9.2. You agree that communication with us will primarily be electronic. We will contact you via email or provide information by posting notices on our site. You consent to this electronic form of communication and acknowledge that all contracts, notices, information, and other communications provided to you electronically comply with any legal requirements for written communication. This condition does not affect your statutory rights.
9.3. We reserve the right to change these Terms (excluding the price for the Program) at our discretion. Your continued use of the Program indicates your acceptance of these changes.
9.4.The Contract is personal to you, and you may not assign, transfer, charge, subcontract, sublicense, or otherwise deal with any of your rights under the Contract.

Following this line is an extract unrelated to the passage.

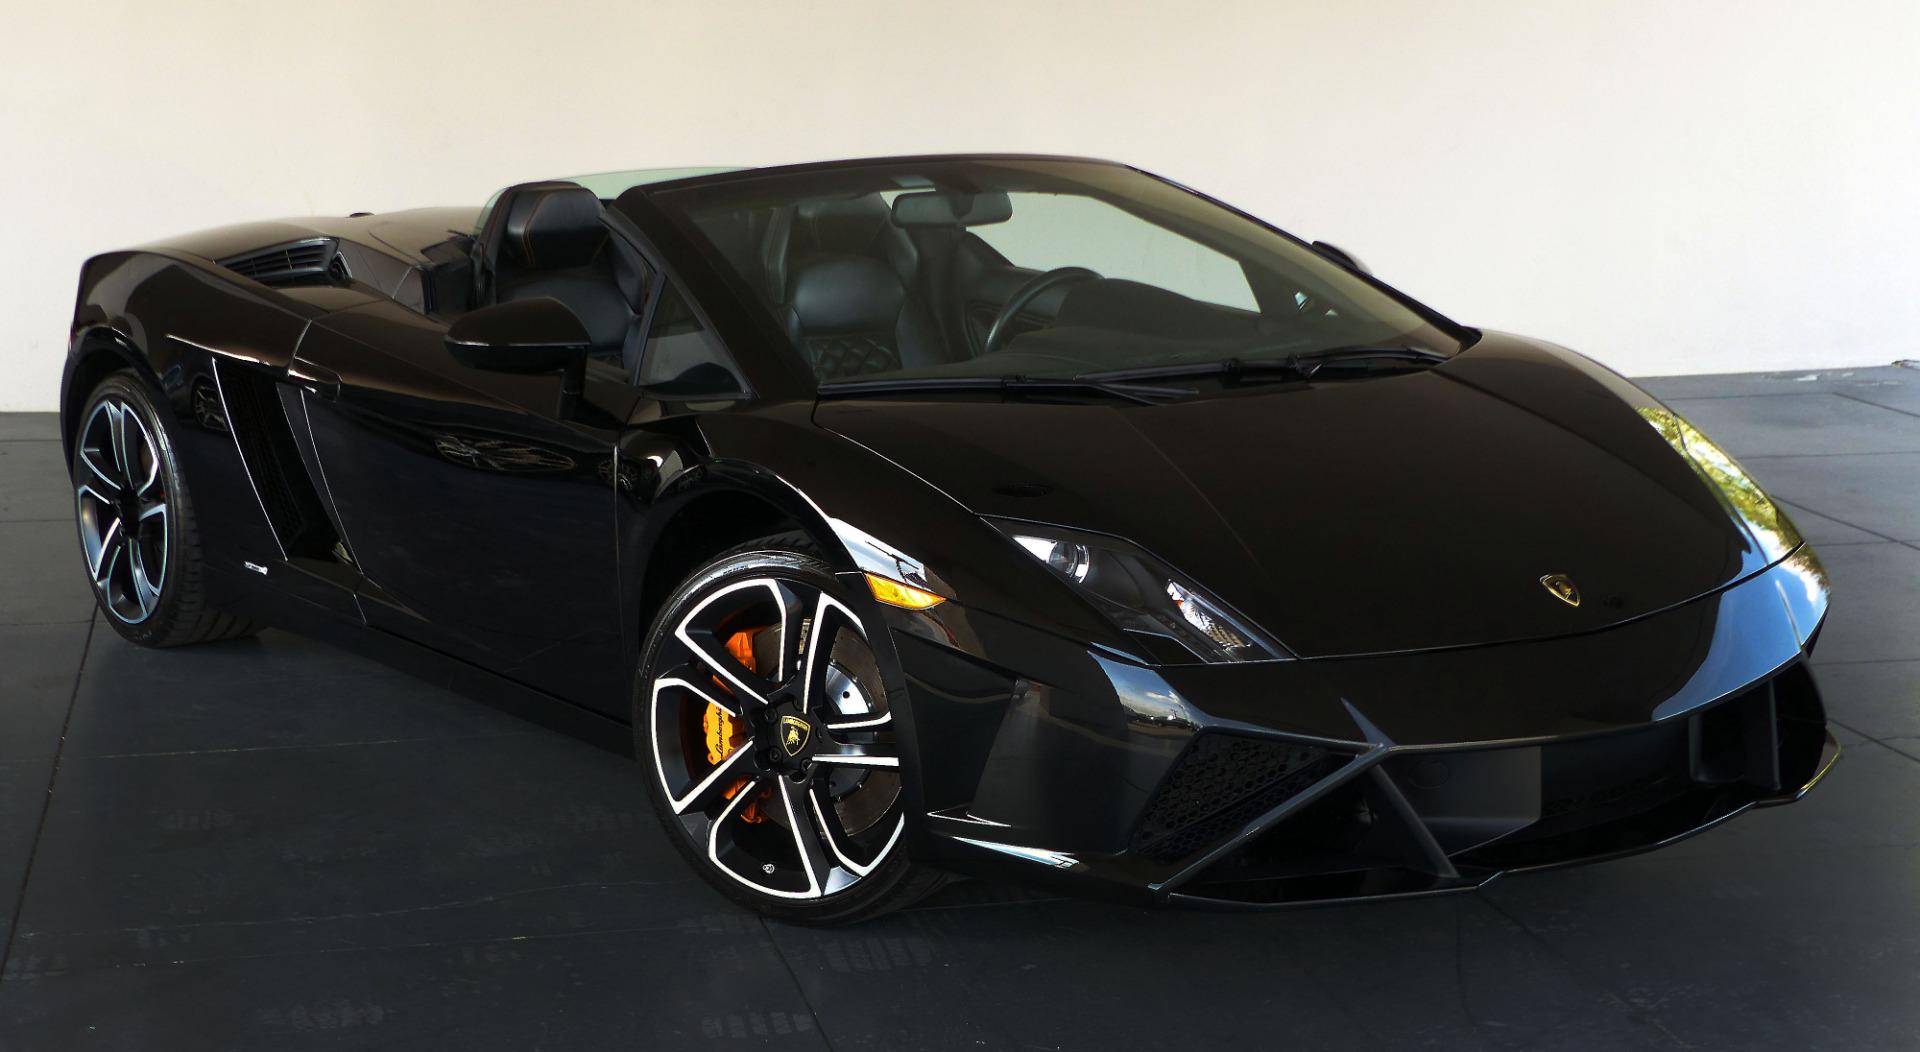 Used 2014 Lamborghini Gallardo Lp560 4 Marietta Ga

9.5. We reserve the right to transfer, assign, charge, subcontract, or otherwise dispose of the Contract, or any of our rights or obligations arising under it, at any time during the term of the Contract.

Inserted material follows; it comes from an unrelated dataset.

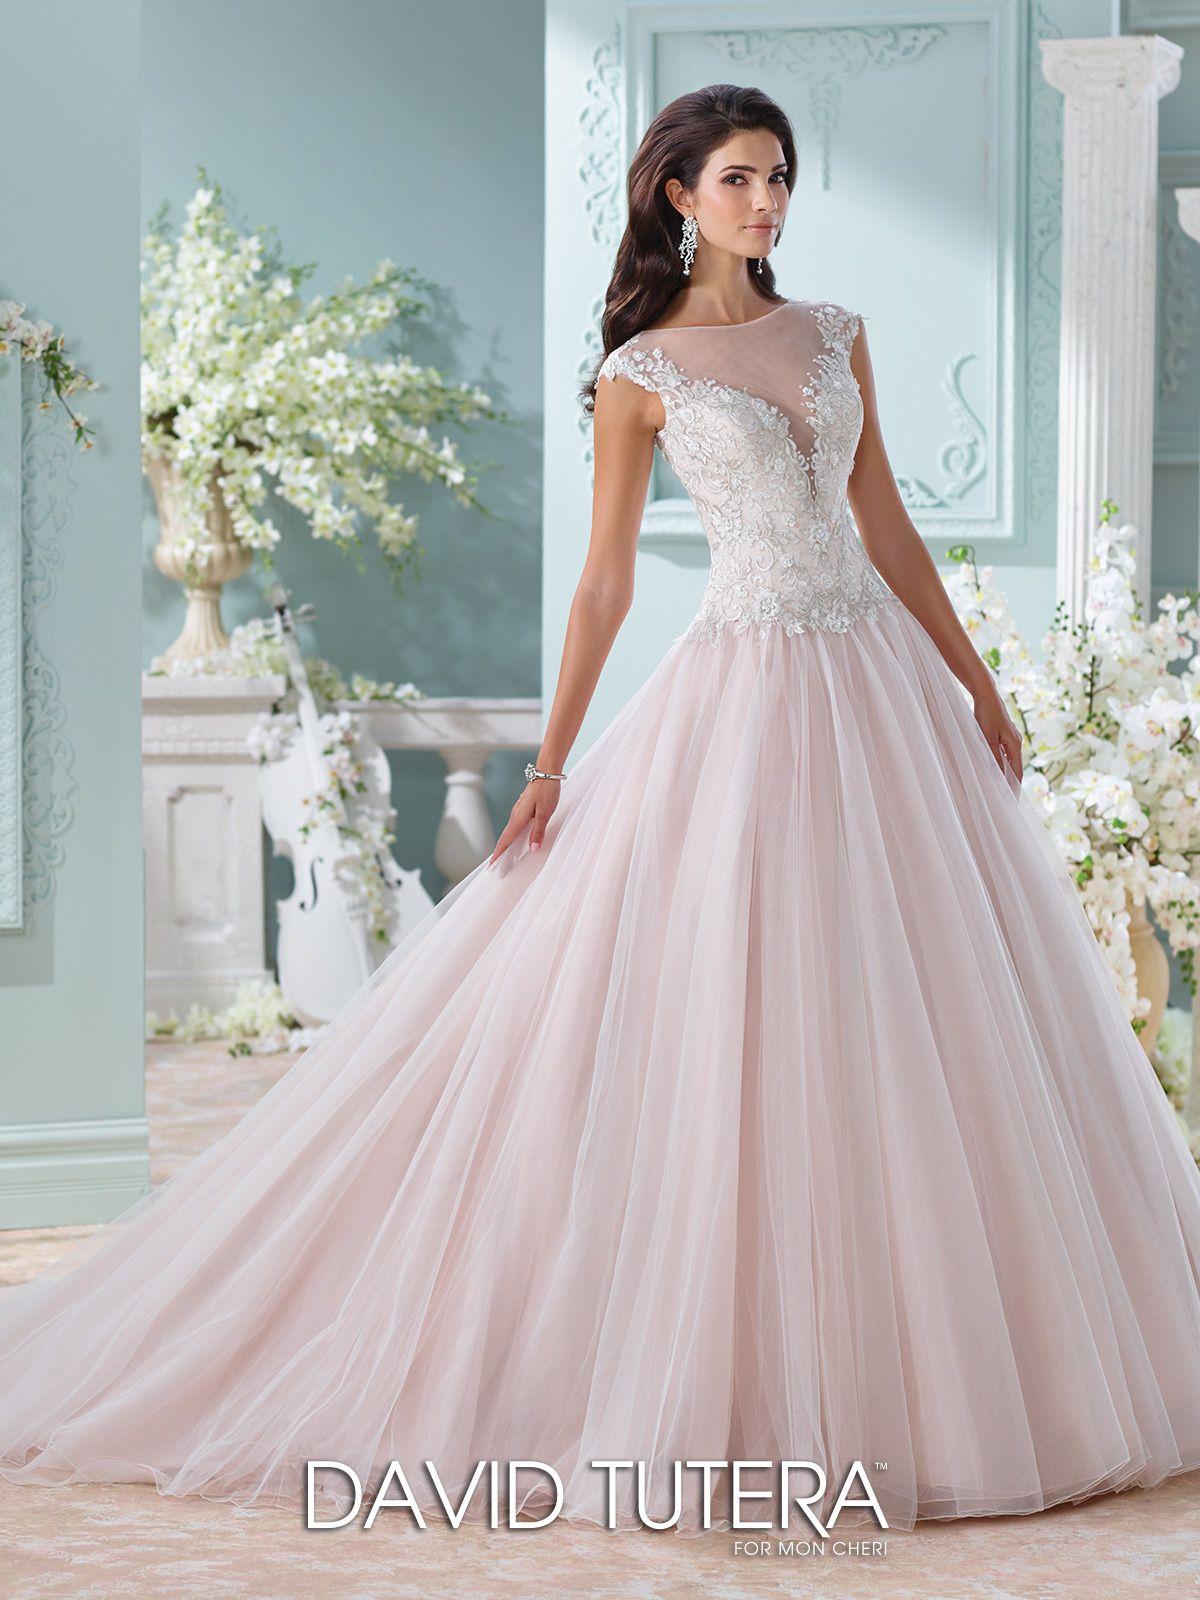 Handbeaded illusion neckline with lace wedding dress idalia

9.6.If we fail to insist on strict performance of any of your obligations under the Contract, or if we fail to exercise any of the rights or remedies to which we are entitled under the Contract, this will not constitute a waiver of such rights or remedies and will not release you from complying with such obligations. Our waiver of any default will not constitute a waiver of any subsequent default. Any waiver by us of any of these Terms will only be effective if it is expressly stated to be a waiver and is in writing.
9.7. If any of these Terms are determined by any competent authority to be invalid, unlawful, or unenforceable to any extent, that term, condition, or provision will be severed from the remaining terms, conditions, and provisions, which will continue to be valid to the fullest extent permitted by law.
9.8. Unless the context otherwise requires, references to one gender shall include references to the other gender.
9.9 The Program is delivered, provided, and made available in good faith. Remarkable results can be achieved by following the Program consistently. However, we cannot guarantee any specific outcome(s) as your results will depend on your individual circumstances. You have the sole responsibility to commit to the Program and achieve any results and goals. You alone are responsible for applying the Program to your individual professional career.
9.10 You agree that you will not publicly, privately, or anonymously make any comment, oral or written, whether on any social media or not (which shall include but not be limited to Facebook, Linkedin and/or Twitter) and/or take any action which disparages, defames, is derogatory or places any of our past and present officers, directors, employees and affiliates in a negative light. Any issues, complaints, difficulties and/or concerns you have should be raised directly with us by emailing support@privacypros.academy.
9.15 You agree not to solicit, pitch to, poach, recruit, approach, induce, or otherwise encourage any of our clients to purchase similar third-party products, programs, schemes, or services offered by us.
10. Data Protection
10.1 Both you and we will comply with all applicable requirements of relevant Privacy Legislation.
11. Third Party Rights
11.1. A person who is not a party to the Contract shall not have any rights under the Contracts (Rights of Third Parties) Act 1999 to enforce any term of the Contract.
11.2. The rights of the parties to terminate, rescind, or agree to any variation, waiver, or settlement under the Contract are not subject to the consent of any person who is not a party to the Contract.
12. Governing Law
12.1. The Contract and any dispute or claim arising out of or relating to it, its subject matter, or formation (including non-contractual disputes or claims), shall be governed by and construed in accordance with English law.
13. Jurisdiction
13.1 We each agree irrevocably that the courts of England and Wales shall have exclusive jurisdiction to settle any dispute or claim arising out of or in connection with the Contract, its subject matter, or formation (including non-contractual disputes or claims).